Add the tomato puree and let it simmer. Add garam masala, anardana, and chopped coriander. Cook for 5 minutes. Remove from heat. The Annakoot Sabzi is ready.
Tips for Healthy Diwali
Burn clay diyas with mustard oil as it has high a smoking point. Refrain from lighting candles producing artificial aromas.
The ritual of Abhyanga Snan is recommended. This includes sesame oil massage followed with a warm water bath using homemade scrub of coarsely pounded sesame seeds mixed with sandalwood oil and a pinch of turmeric.
Use natural sweeteners in your cooking
Include high fibre ingredients like besan and wheat flour.
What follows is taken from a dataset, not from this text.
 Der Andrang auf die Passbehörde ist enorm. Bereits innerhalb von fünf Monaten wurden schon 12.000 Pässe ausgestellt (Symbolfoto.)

Avoid maida.
Eat paneer and dal for proteins and reduce the consumption of carbohydrates.
Drink buttermilk after lunch to digest and help your body both absorb nutrients and discard toxins.
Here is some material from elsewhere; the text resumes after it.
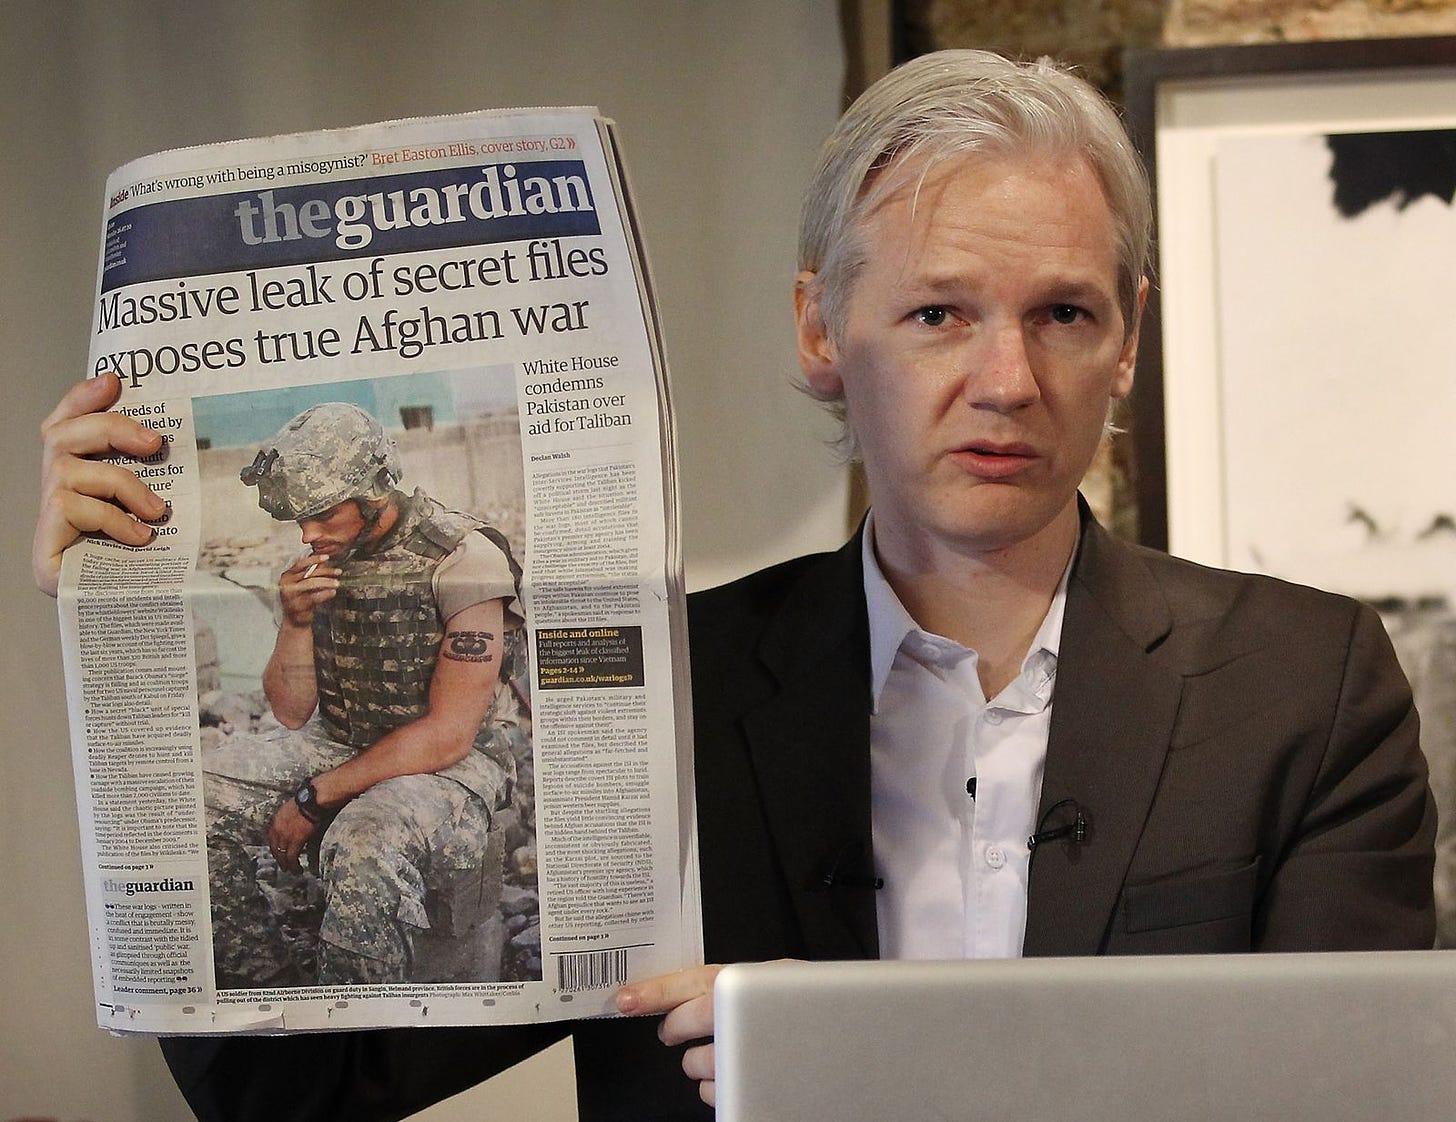 Julian Assange | Biography & Facts | Britannica

Don’t indulge in high-calorie sweets but judiciously practice moderation.
A few other traditional Diwali offerings include a variety of laddoos, rice kheer, lapsi, atta halwa, and fried sweet and savoury snacks.
These were prepared with fresh ingredients and eaten only on special occasions in the past. Today, this stuff is consumed throughout the year, thanks to the easy availability.
Choose health and happiness this Diwali, adopt the ayurvedic approach to the festival season.